• What to produce: The answer should hold only the lines from the one containing "Nůž zavírací Pallés" through the one containing "迷彩 装甲车 模型 max 悍马 汽车 3d模型素材 其他3d模型" in the entries below, copied exactly, without pictures.

• Given records:
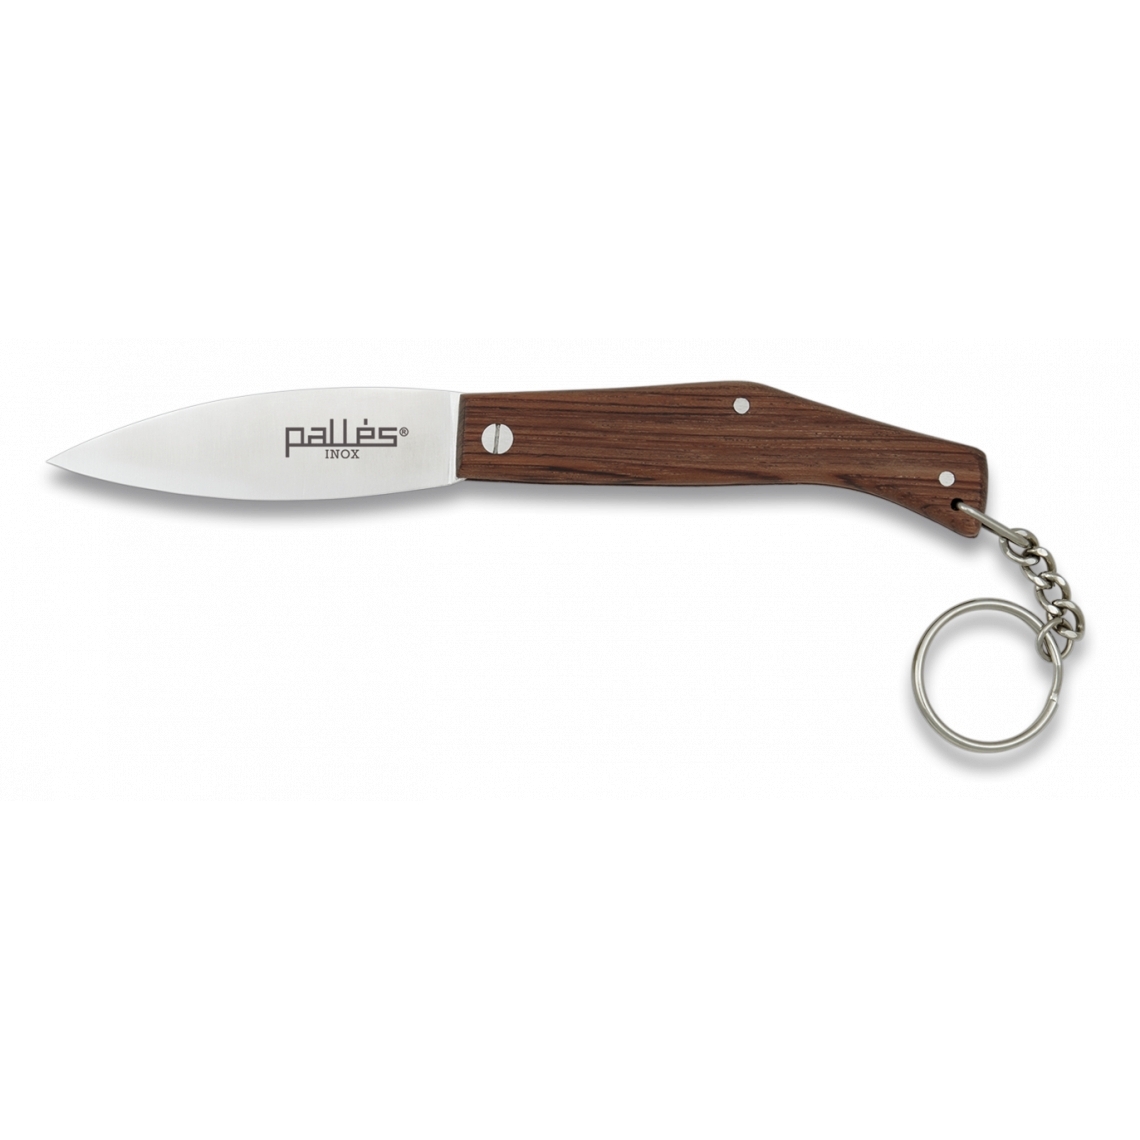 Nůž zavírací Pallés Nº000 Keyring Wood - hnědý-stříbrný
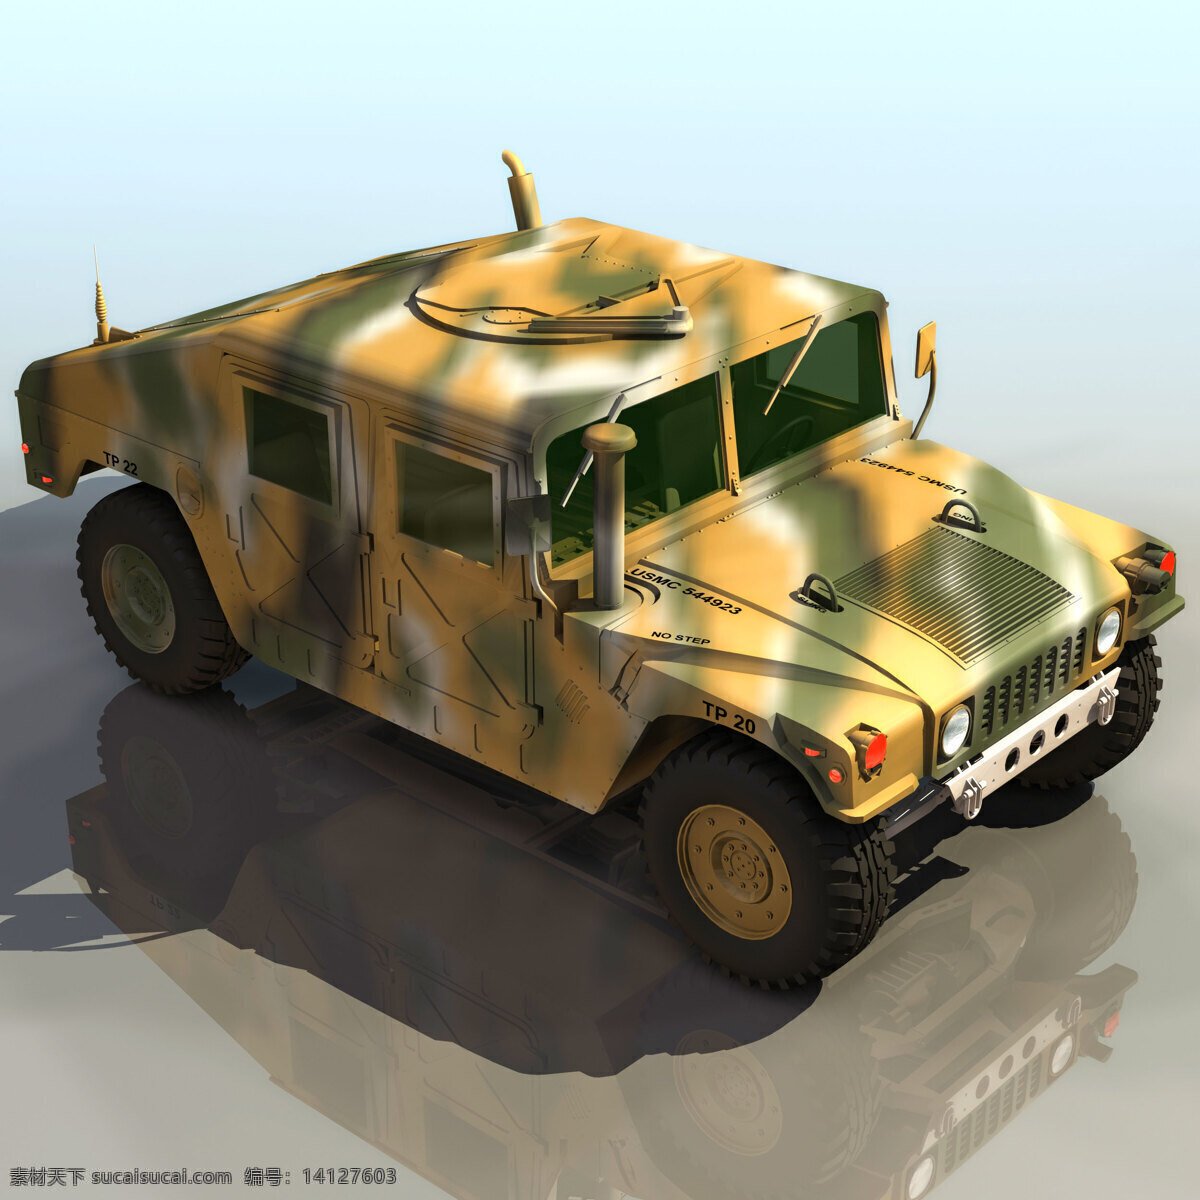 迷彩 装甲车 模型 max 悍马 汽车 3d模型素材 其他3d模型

* * *

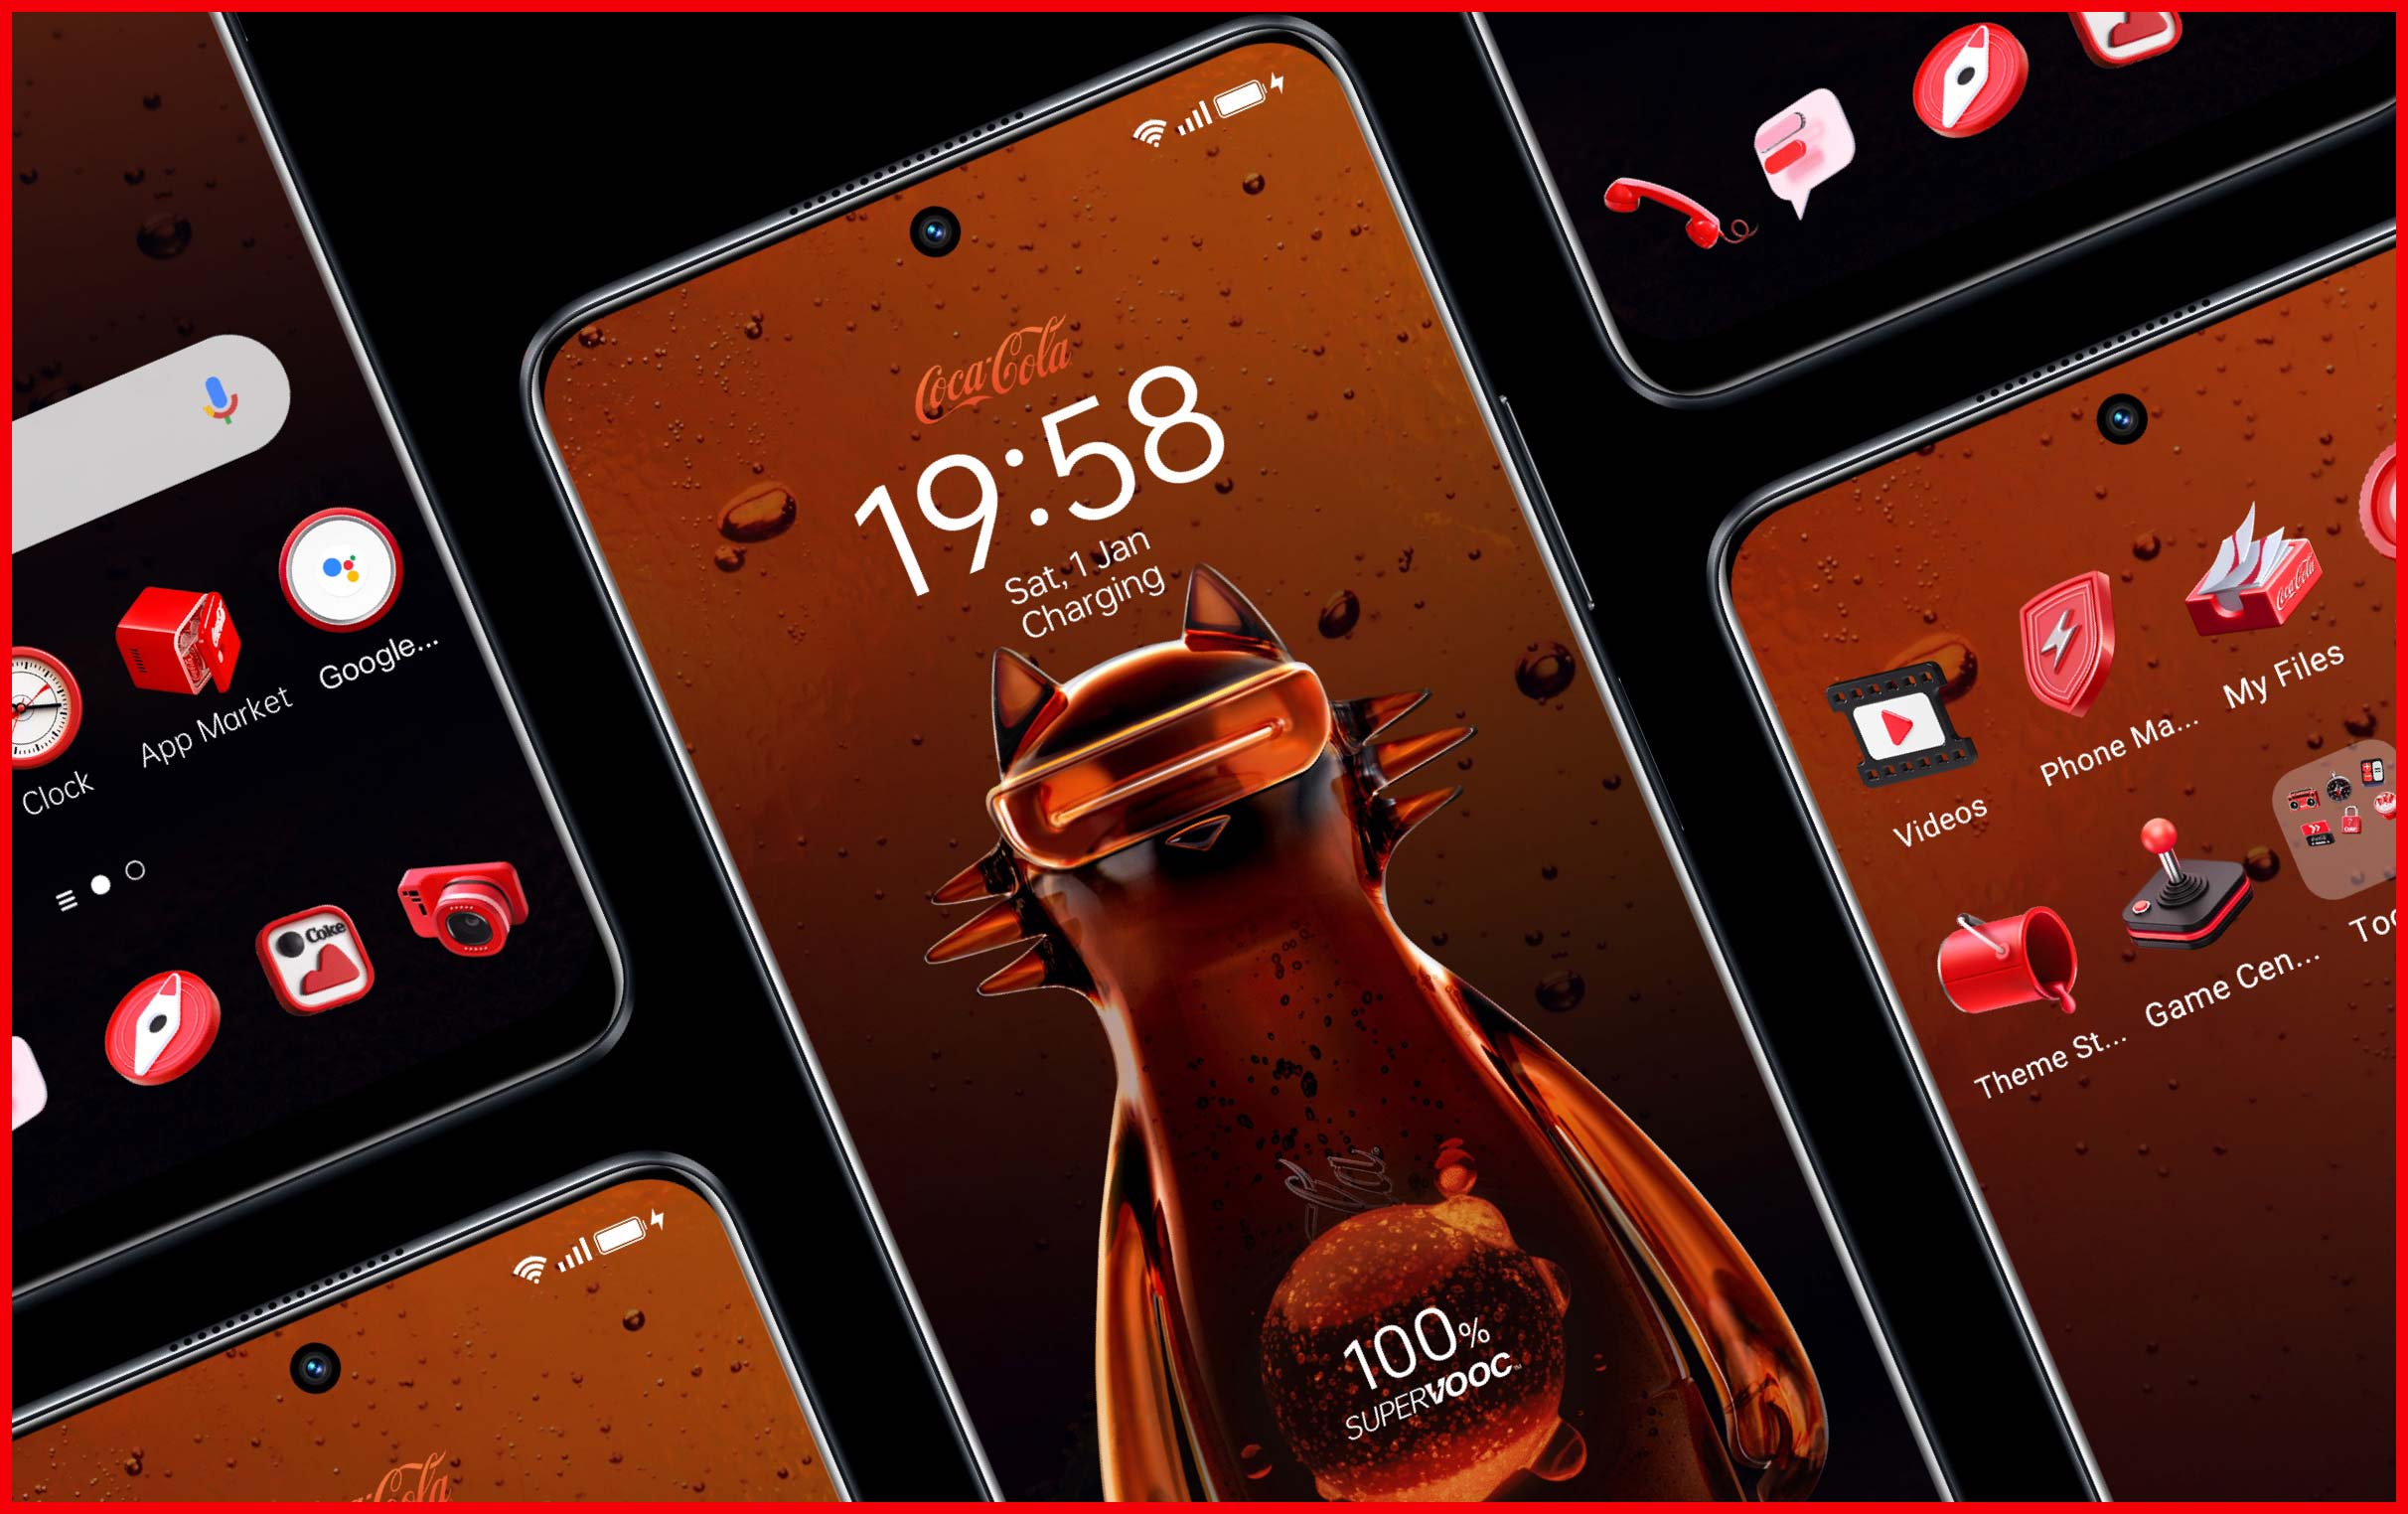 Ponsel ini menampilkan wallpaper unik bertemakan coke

• Written solution:
 Nůž zavírací Pallés Nº000 Keyring Wood - hnědý-stříbrný
 迷彩 装甲车 模型 max 悍马 汽车 3d模型素材 其他3d模型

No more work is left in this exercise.